- _Action item_
Keep the images out and set the listing below down word for word.

- _Information provided_
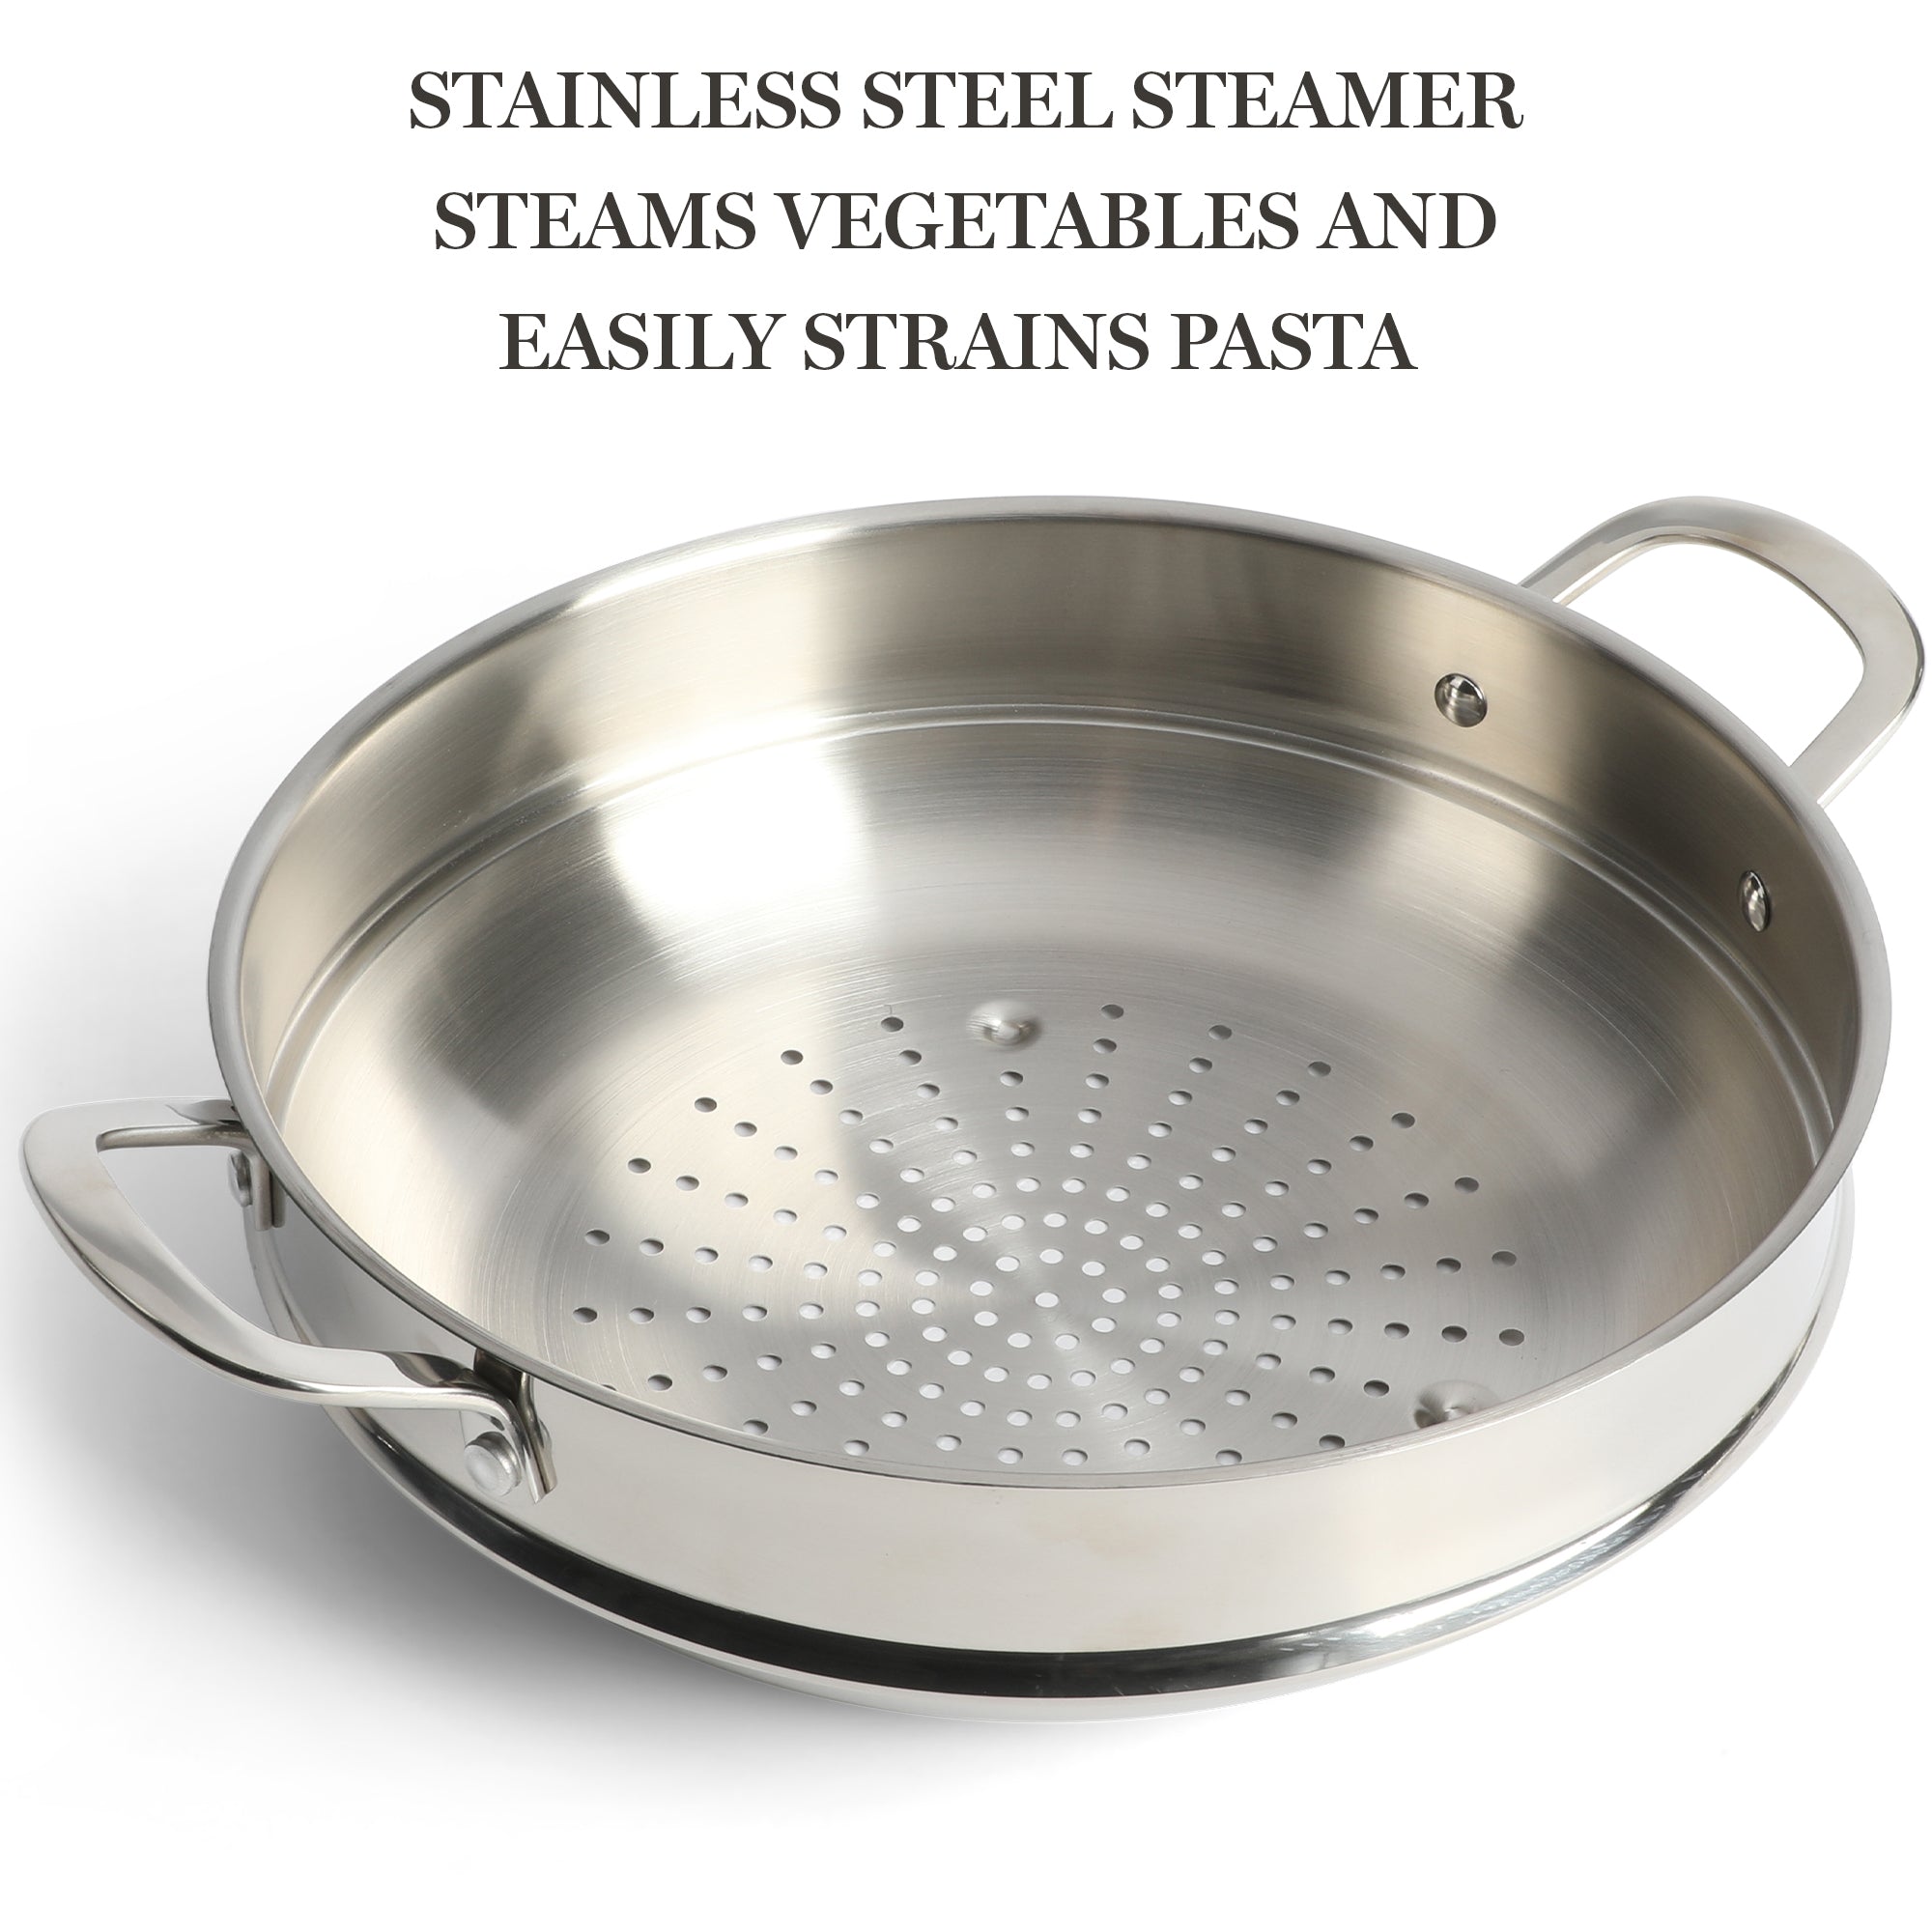 Martha Stewart Vintage 18/8 Tri-ply Stainless Steel 12-Piece Cookware
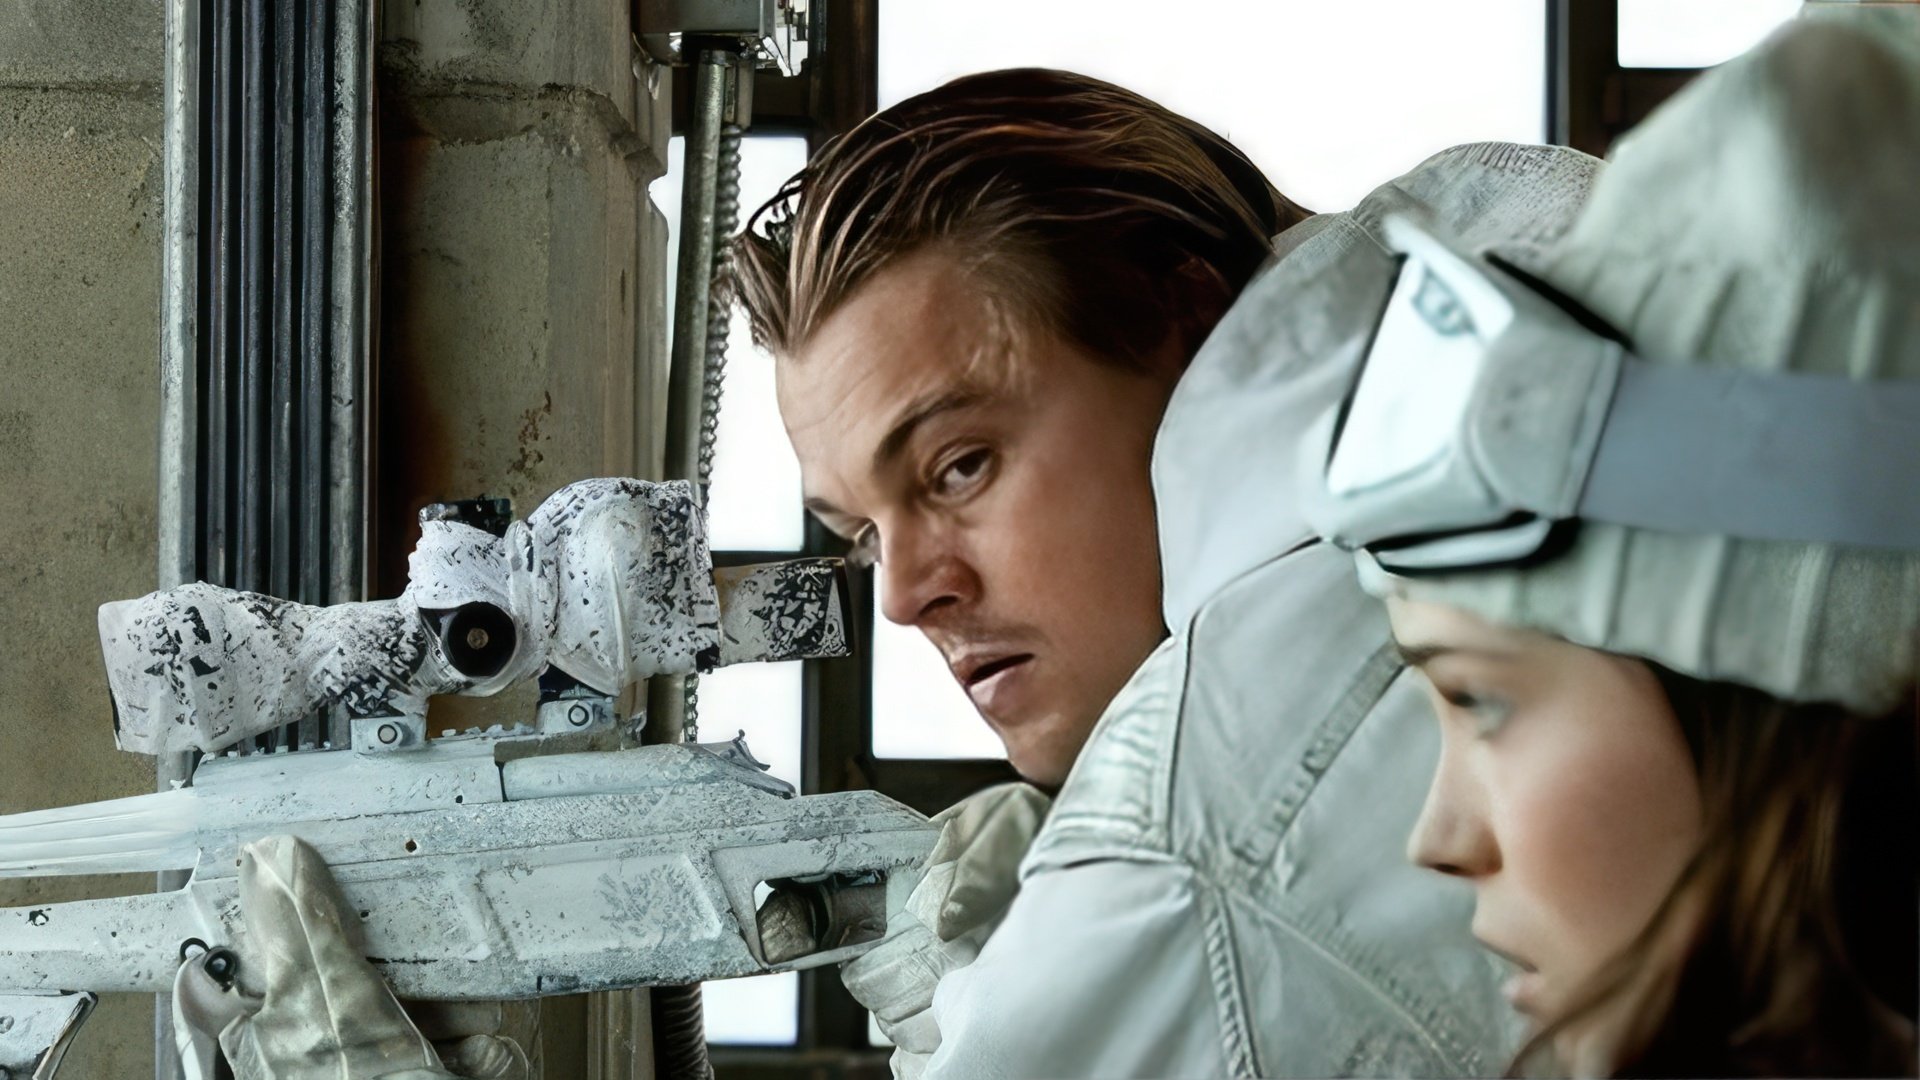 Leonardo DiCaprio in the movie 'Inception'
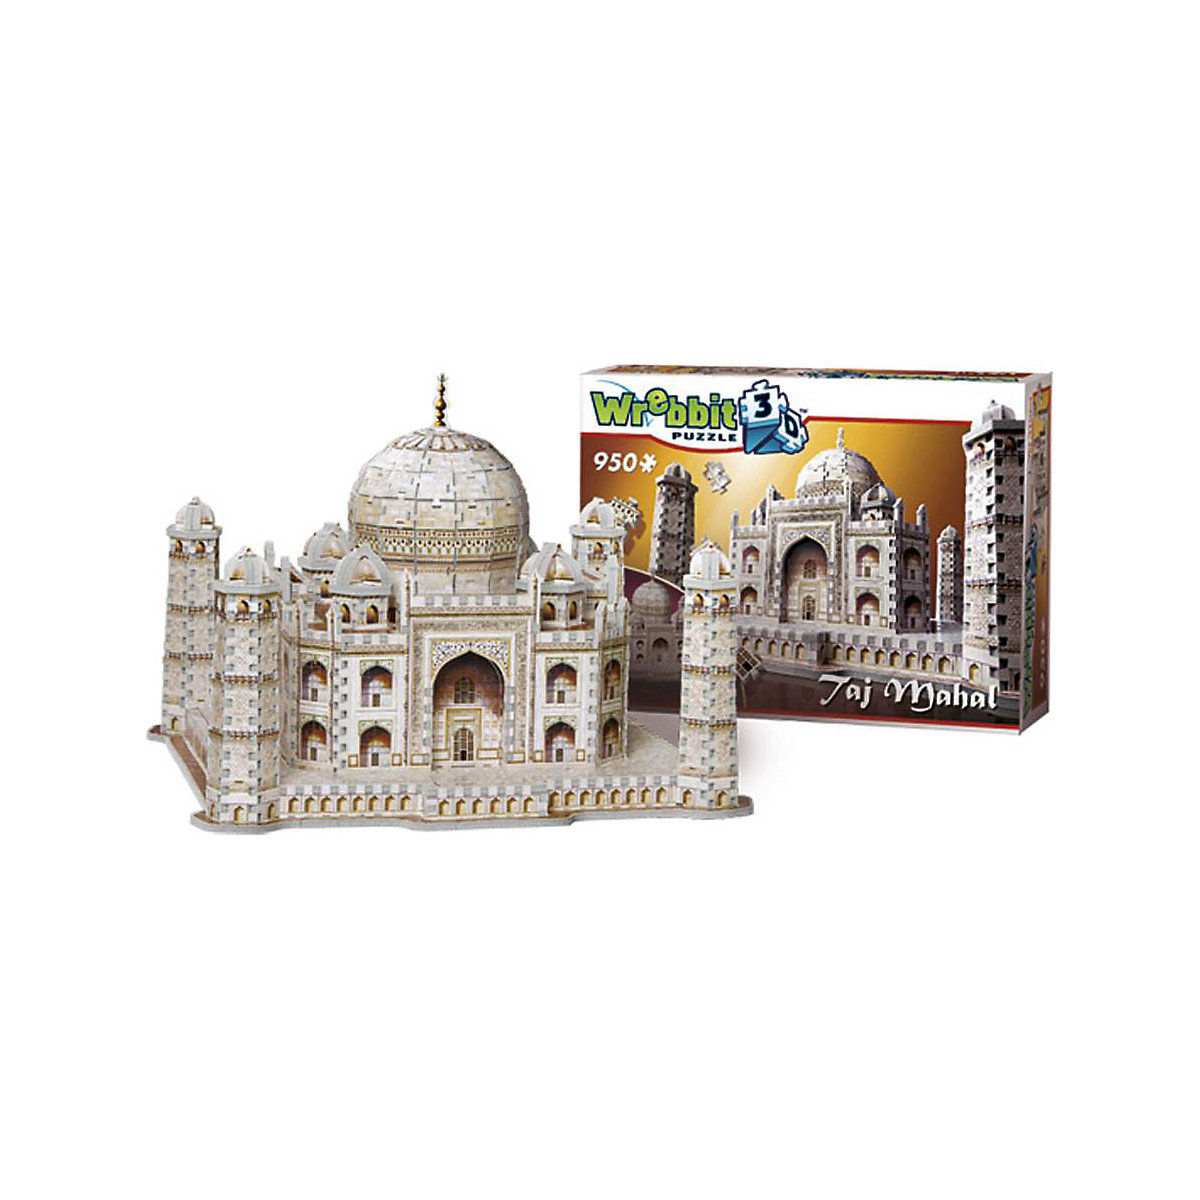 Wrebbit 3D Puzzle 950 Teile Taj Mahal GU6689

- _Answer to this exercise_
 Martha Stewart Vintage 18/8 Tri-ply Stainless Steel 12-Piece Cookware
 Leonardo DiCaprio in the movie 'Inception'
 Wrebbit 3D Puzzle 950 Teile Taj Mahal GU6689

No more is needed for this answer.